Is it necessary to give “considerable importance and weight” to the harm? Is there any harm at all? Or if the heritage benefit outweighs the harm, is that considered to be net benefit? This is the “internal heritage balance”, a debate which has driven many to drink.
But back to Bramshill, Lord Justice Lindblom said that
(a) there’s no requirement to undertake an internal heritage balance, albeit you can legally do it, but still
(b) he didn’t think it mattered much whether you do it or not, because
(c) in the end, if public benefits – including heritage benefits – outweigh the harm, then you may, depending on how much harm we’re talking about, decide to grant permission anyway.
And whether you do or not is a matter of planning judgment, not law. And that judgment isn’t dictated by the heritage chapter of the NPPF.
There are also lessons to be learned by developers and objectors alike and is made clear in Sydenham Hill Estate in South London promoted by the City of London  EWHC 1286 (Admin) and Liverpool City Council v Redrow Homes  EWCA Civ 861.
These two cases make it clear:
a) Make sure any planning committee report dealing with heritage matters, fully and accurately records the conservation officer’s consultation response and mention
(b) the statutory duties,
(c) the key policy duties we list above, including the need to give great weight to the conservation of heritage assets, and
(d) remember all that great weight stuff not only when you’re listing the relevant policies, but also when you come onto the balancing exercise.
Basic you might think. But as the cases cited above show, the listed points were not done and objectors highlighted these effectively. No doubt these judgments will lead to long planning reports. And potentially defensive drafting.
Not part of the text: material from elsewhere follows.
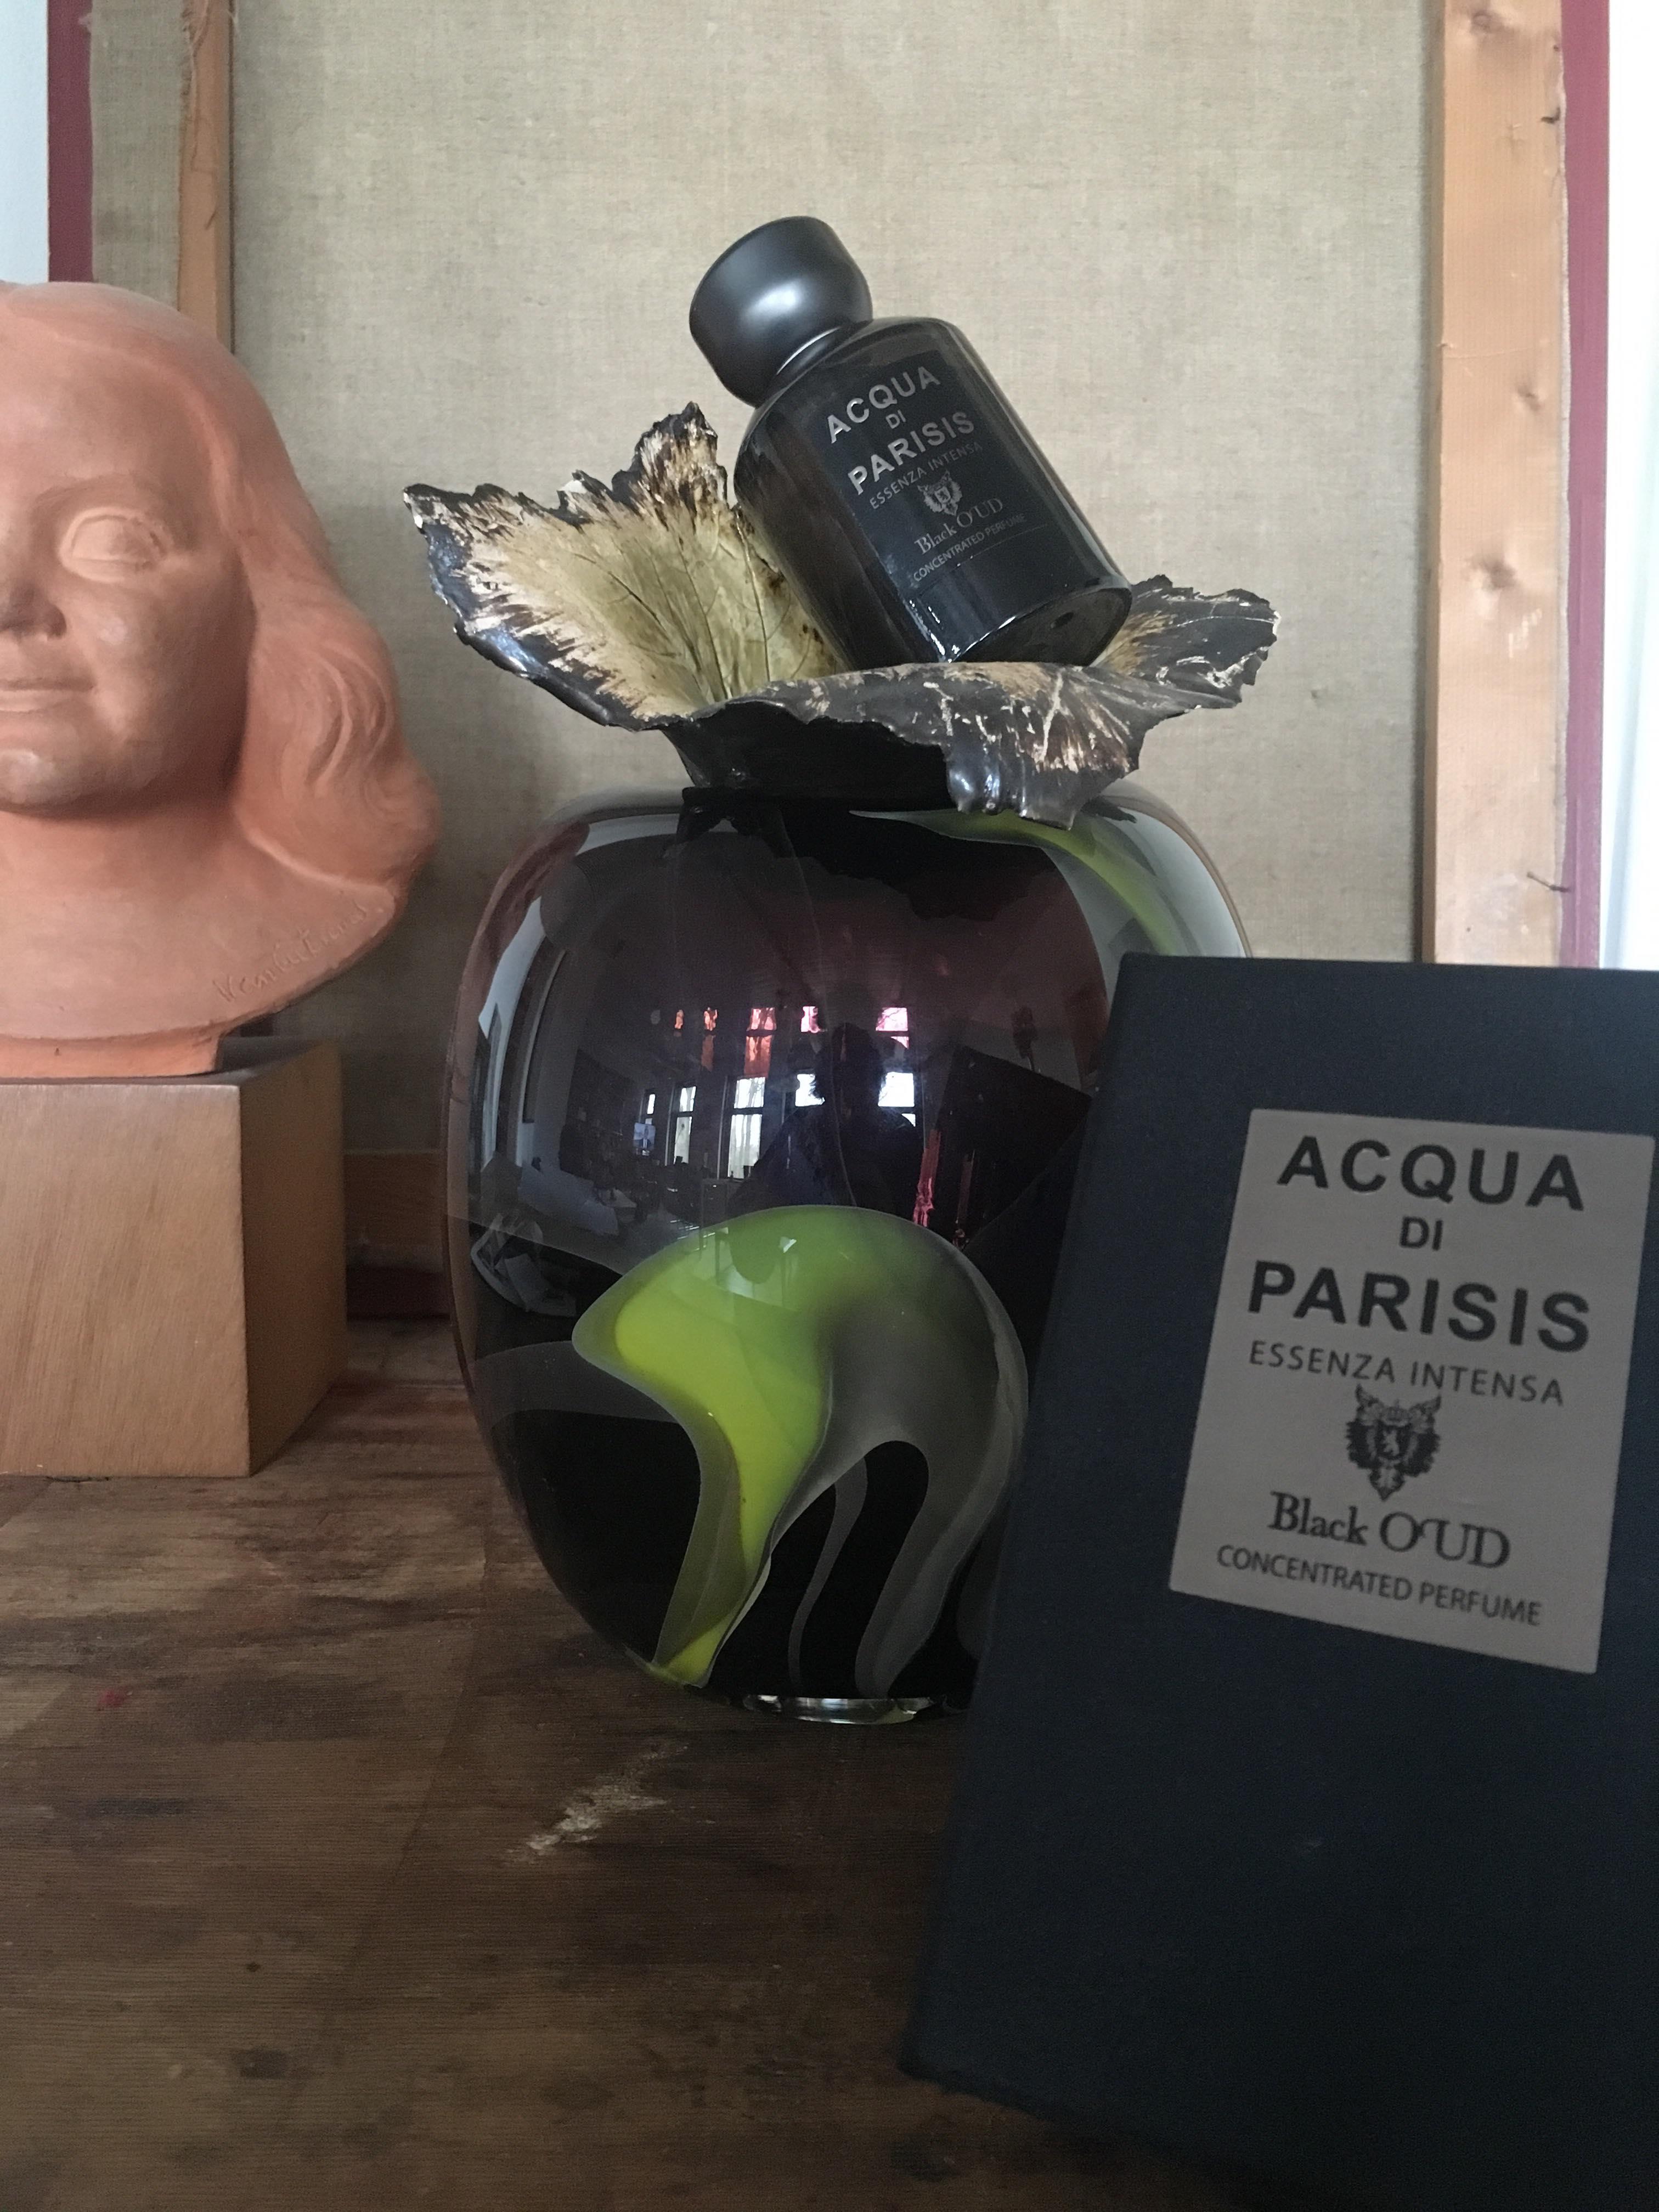 BLACK OUD ACQUA DI PARISIS MOOD 1

But better all this than any planning permission involving heritage being discarded like flotsam and jetsam by a High Court judge.
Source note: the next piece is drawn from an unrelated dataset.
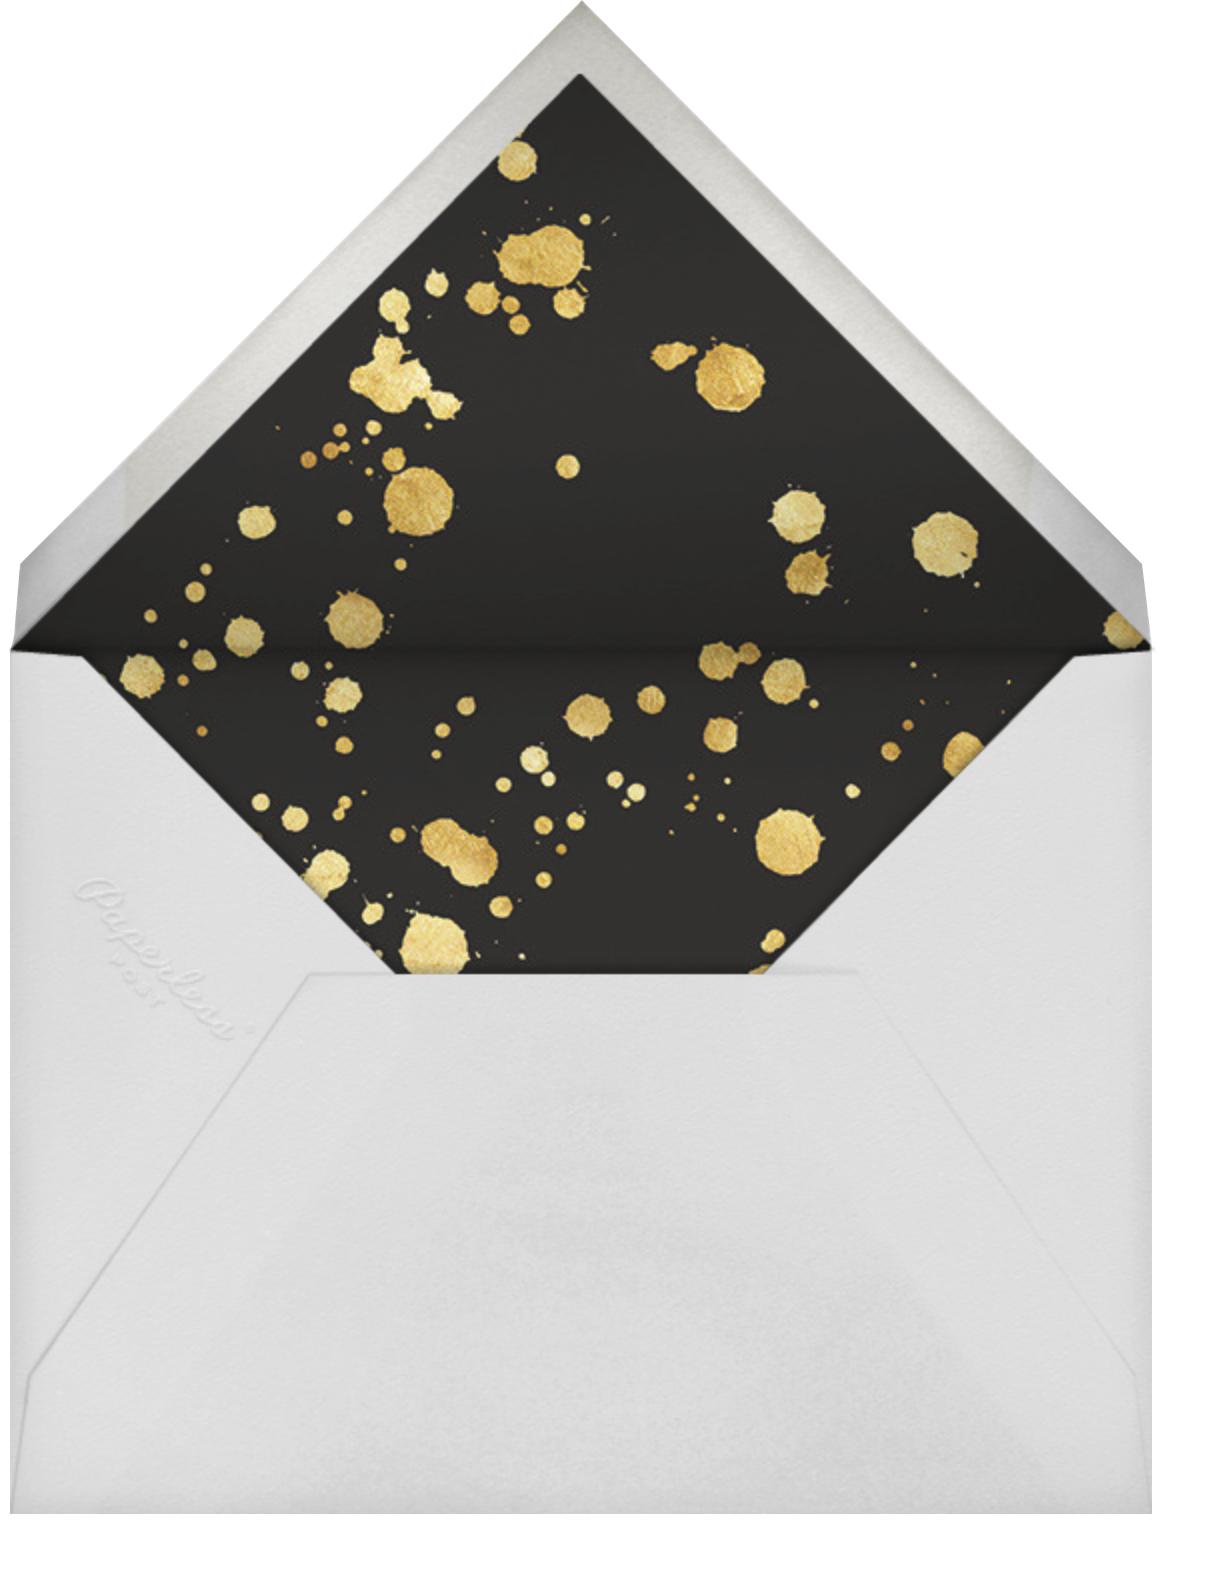 Glint - Kelly Wearstler - Adult birthday - envelope back

So after all of that, would adopting the Folkestone & Hythe District Council Heritage Strategy in a revised form, be a wise and prudent idea?
In short, yes it would.
Heritage matters. It really does, as why else would you visit Canterbury Cathedral, Tower of London, Parliament, Stonehenge, The Giant’s Causeway, Ironbridge Gorge, The Lake District, Kew Gardens and many other locations here in the UK and around the world.
Let’s get it done, let’s get the Heritage Strategy adopted as it is of substantial value to us all.
The Shepway Vox Team
Journalism for the People NOT the Powerful
A lot of Folkestone’s heritage surrounds the Old Racecourse.Kent’s only racecourse.This together with Westenhanger Castle should be protected within its area of Outstanding National Beauty from housing development.Scrap plans to build Otterpool New Town!,Save our green and pleasant land and the wildlife it supports.Protect our heritage before it’s too late.When it’s gone it’s gone forever.
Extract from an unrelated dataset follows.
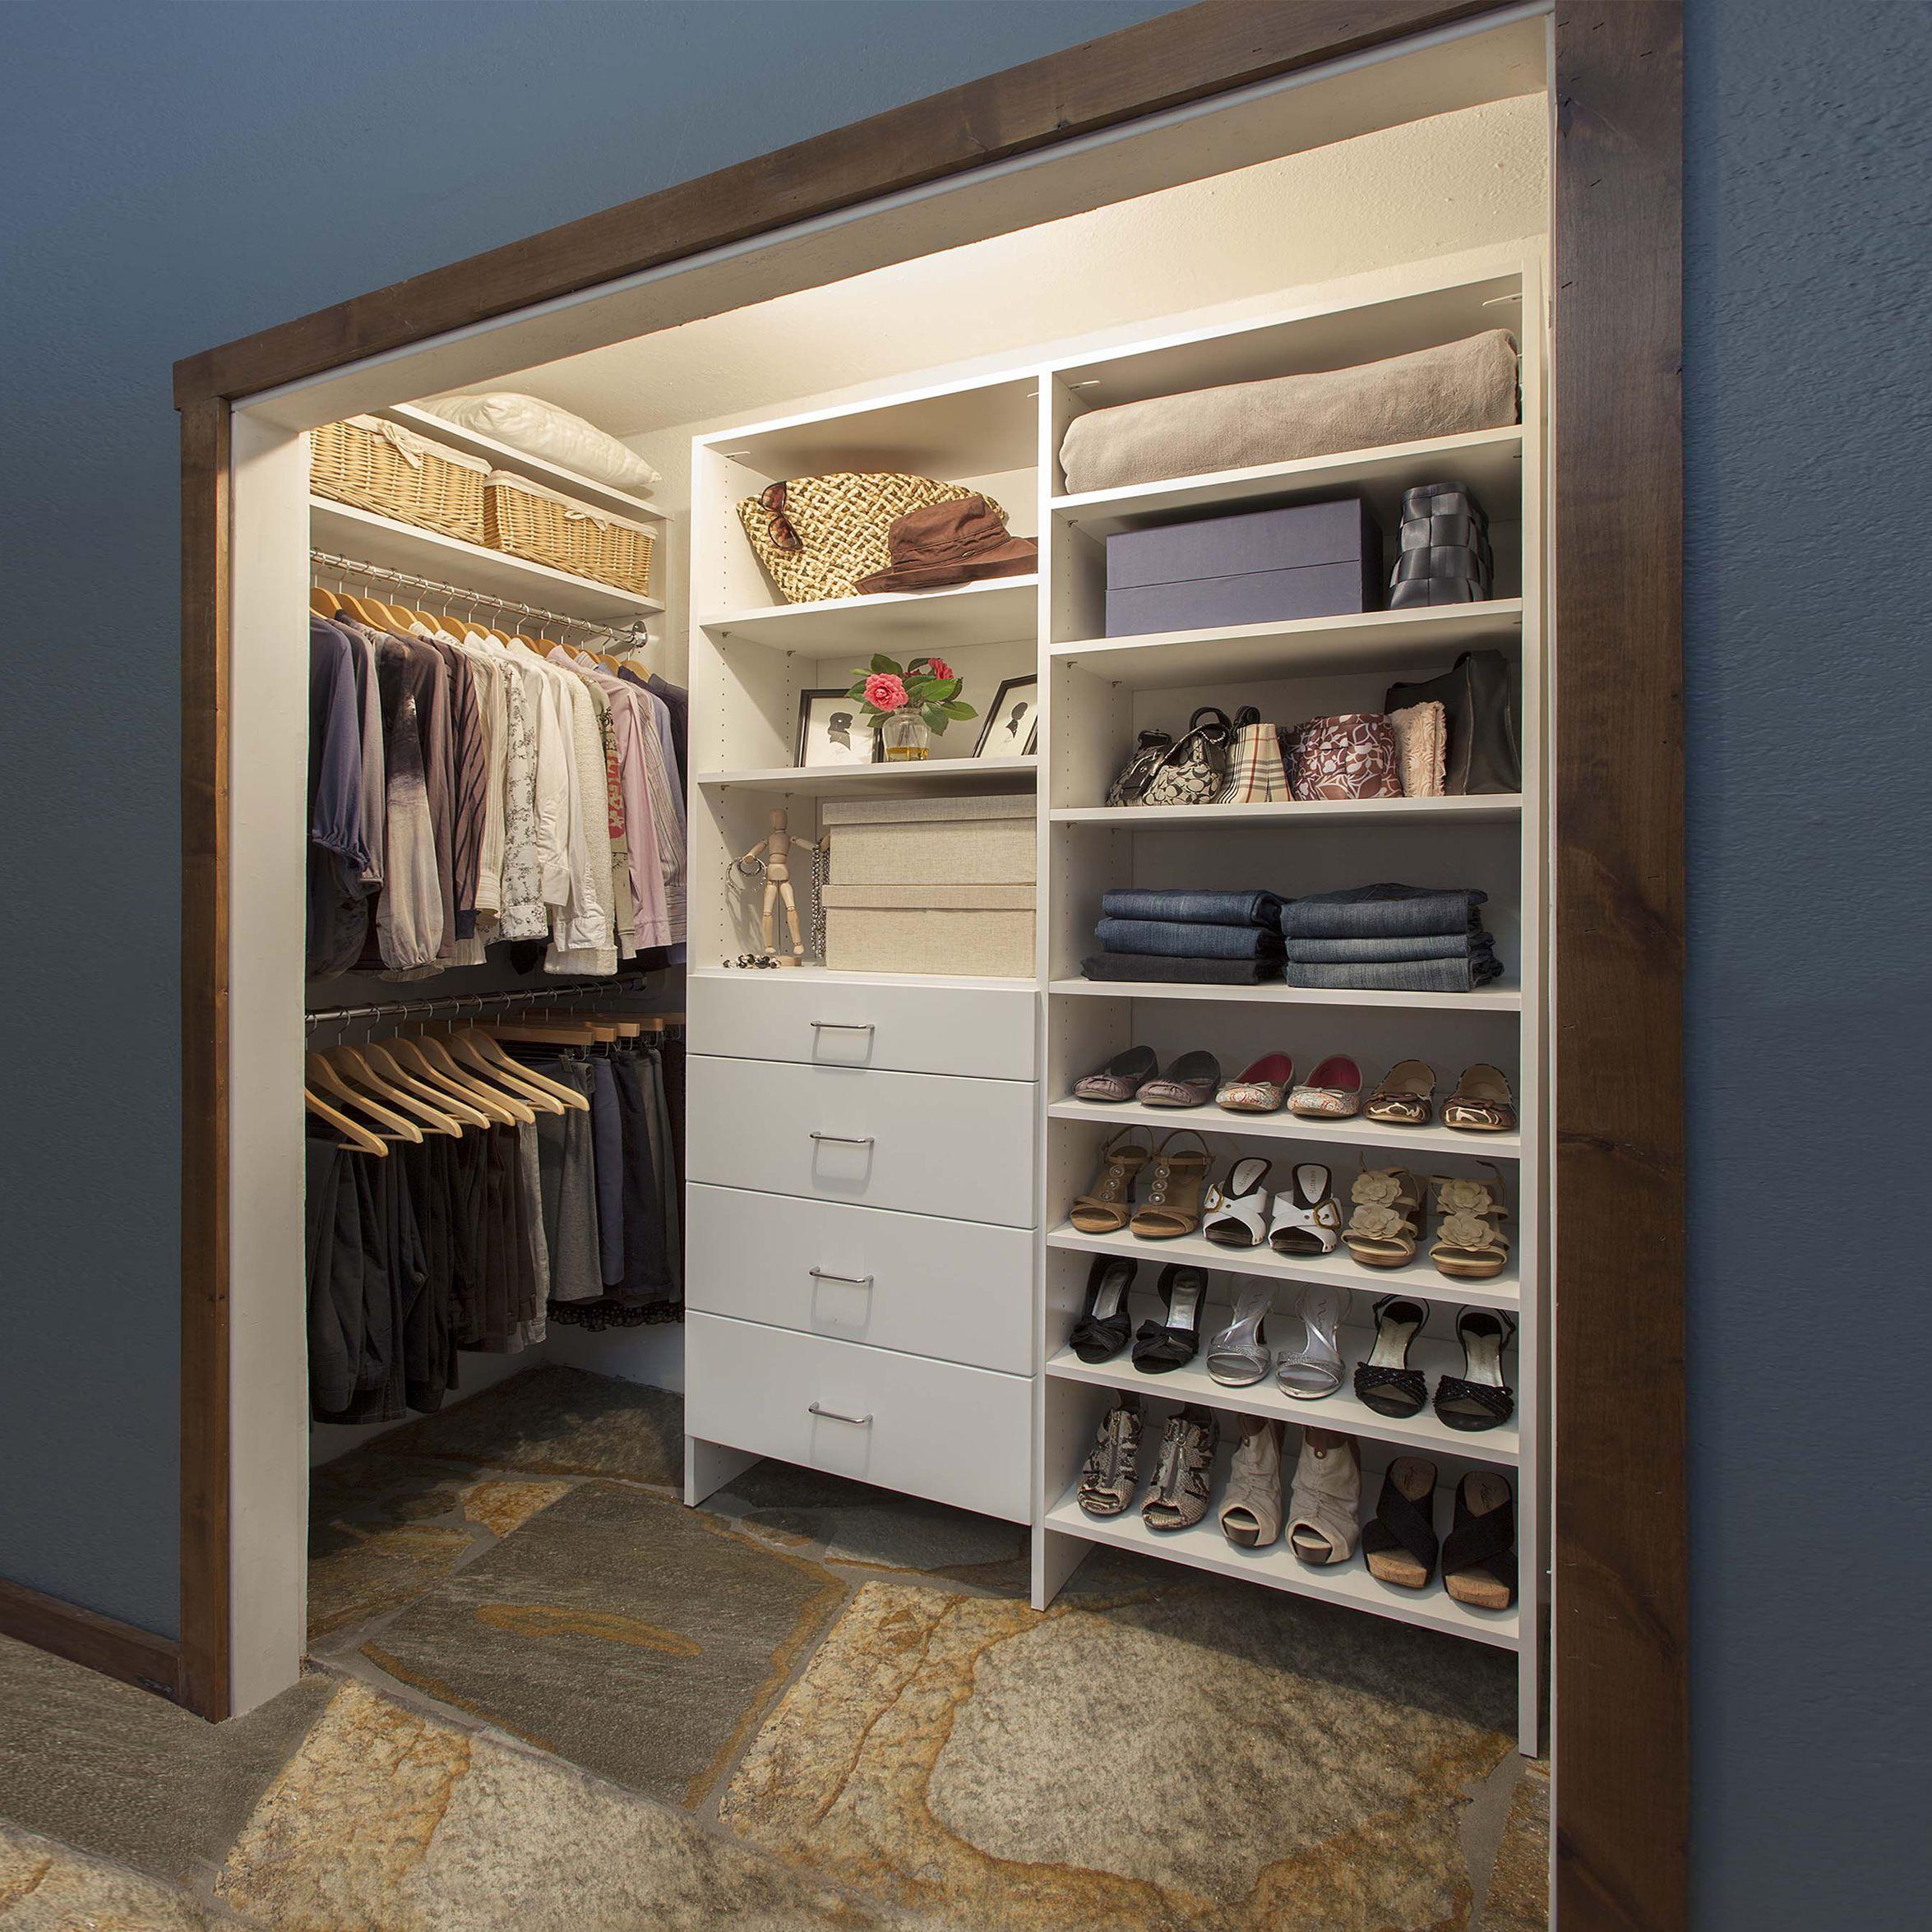 Reach In Closet Solutions From Nova Closet Call Us Novacloset

What about tha stables at Shorncliffe men stationed there went to the WW1 Battlefield from there to fight for our freedom. Surely this must be recognised as a place of significant historical importance?
But no the greedy little developers with their snouts in the trough and the Councillors with their grubby little brown envelopes will allow this area to be bulldozed all because they want to put more rabbit hutches up .
Kent is being destroyed and disappearing under more and more concrete . Garden of England … what a joke
Very interesting. Explains why there has been so much abuse and failure to utilise our historical assets to advantage for jobs and tourism. Further, anything that can stop the onslaught of imagination sterile lego buildings in favour of local character appropriate designs is a plus.